Evrenin bu büyüklüğünü ve muhteşem düzenini kusursuz bir uyum içinde yoktan vareden alemlerin Rabbi olan Allah’tır. Evrenin büyüklüğü ve sahip olduğu hassas dengeler, Allah'ın üstün yaratma sanatının apaçık delilleridir. Modern bilimin ulaştığı bu sonuç ise, Kuran'da bundan 14 yüzyıl önce haber verilmiş olan bir gerçeğin doğrulanmasından ibarettir.
AYET-İ KERiME
Gerçekten sizin Rabbiniz, altı günde gökleri ve yeri yaratan, sonra arşa istiva eden Allah'tır. Gündüzü, durmaksızın kendisini kovalayan geceyle örten, güneşe, aya ve yıldızlara Kendi buyruğuyla baş eğdirendir. Haberiniz olsun, yaratmak da, emir de (yalnızca) O'nundur. Alemlerin Rabbi olan Allah ne yücedir. (Araf Suresi, 54)
 
Son düzenleme:

TaHKaR

Aktif Üyemiz
soluk soluğa okunacak bir yazıydı. Çok beğendim. Hele ''- 250 milyar yıldız (mesela 250 milyar ışık gibi) olanlar tıpkı gökyüzünde varmış bilmiyordum bunu .'' Çok düşündürücü.
 

romeo

Yeni Üyemiz
universe.gif


Görünür evren 14 milyar ışıkyıllık bir yarıçapa sahipmiş gibi görünüyor, çünkü evren yaklaşık 14 milyar yaşında. Daha uzak nesnelerden gelen ışıkların en basit anlamda bize ulaşacak zamanları olmadı. Bu nedenle evrendeki herkes, kendilerini kendi görünür evrenlerinin ortasında bulacak. Evrenin kusursuz ölçeği, evrenin genişlemekte olduğu gerçeğiyle karmaşıklaşmaktadır. Görünür evrenin kenarında gördüğümüz gökadalar, ışıklarını bize çok daha yakınken salmışlardı ve şimdi bizden çok daha uzakta olacaklar.
Evrenin gerçek boyutları, muhtemelen görünür evrenden çok daha büyüktür. Evrenin geometrisi, onun sınırsız büyüklükte olabileceğine ve sonsuza kadar genişleyebileceğine işaret eder. Evren sonsuz değilse bile, görünür evrenimiz çok daha büyük bir bütünlüğün içerisinde küçücük bir nokta kadar olmalı.

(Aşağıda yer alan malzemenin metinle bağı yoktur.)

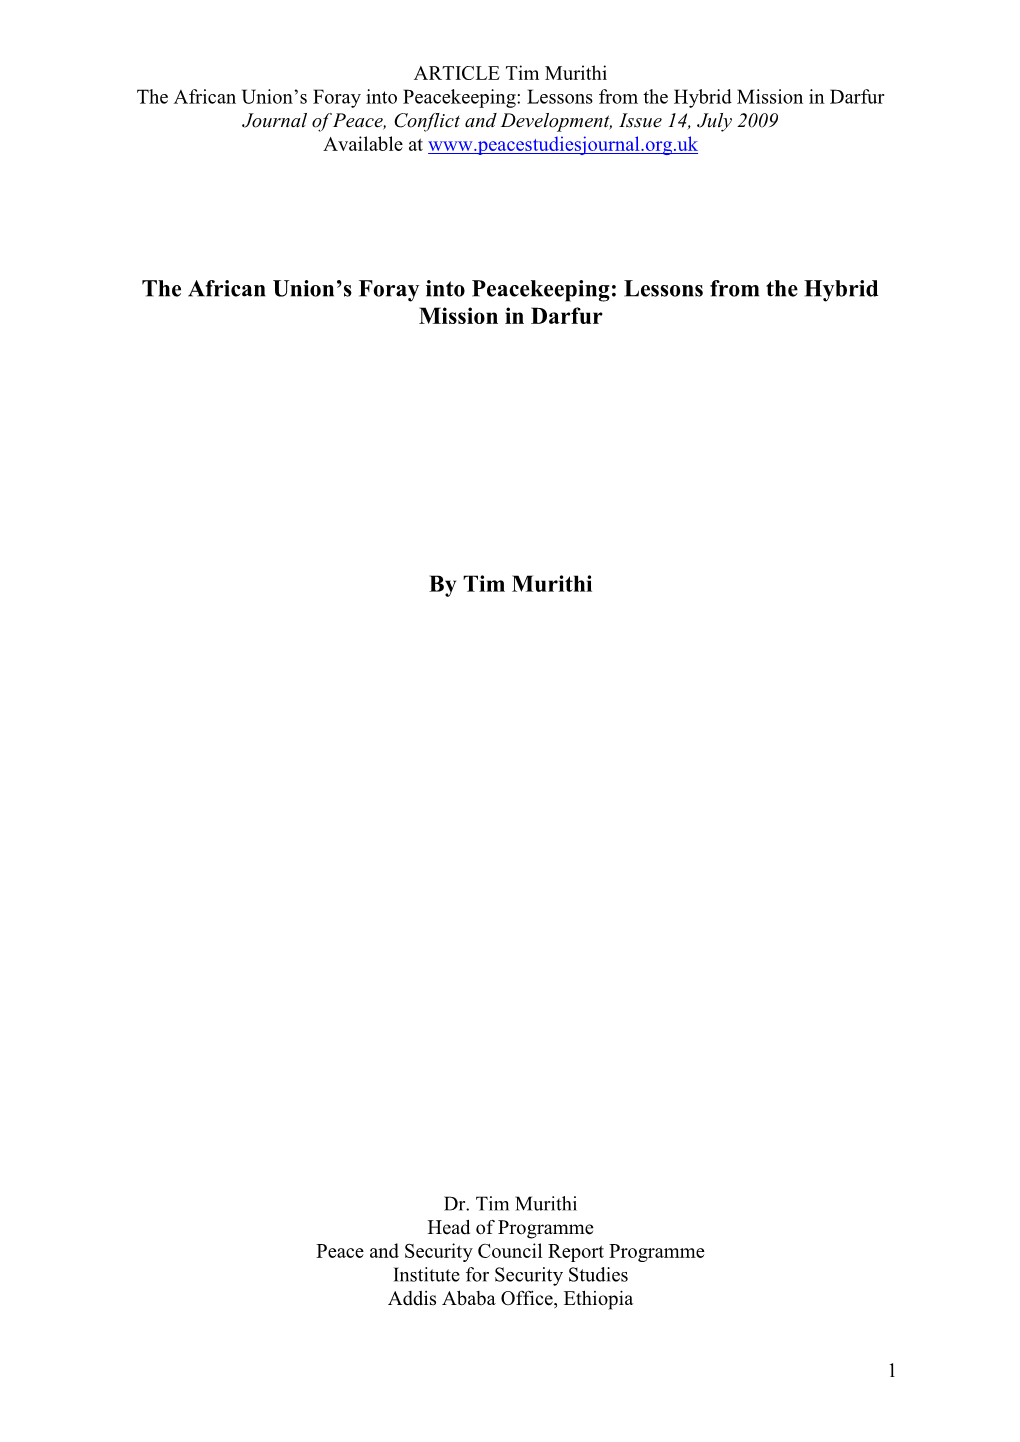 The African Union's Foray Into Peacekeeping: Lessons from The

Allah'ın büyüklüğüne küçücük bir örnek. Emeklerinize sağlık. Mükemmel bir konu .
 

MURATS44

Özel Üye
Teşekkür ederim yorumlarınız için. Konuyu çok daha önce açılmış bir konu ile birleştirerek daha güzel hale getirmişsin kehribar. Resimlere bakınca ALLAH'ın büyüklüğünü daha güzel idrak ediyoruz değil mi? Dünya ne kadar da küçükmüş meğer? Konuyu hatırlattığın için teşekkür ederim.Güzel yorumlarınız için eyvalah..
 

NuSReT

Aktif Üyemiz
Evrendeki en büyük yıldız

içindeki sadece bir yıldızın büyüklüğü bu kadarsa kainatın büyüklüğüne akıl sır ermez.Hiç bir teknoloji bunu bilemez. Allahın büyüklüne ve kudretini kimse ölçemez. Görünen evren kısıtlı bir alan görülmeyen görülemeyen yerlerde kim bilir neler var daha.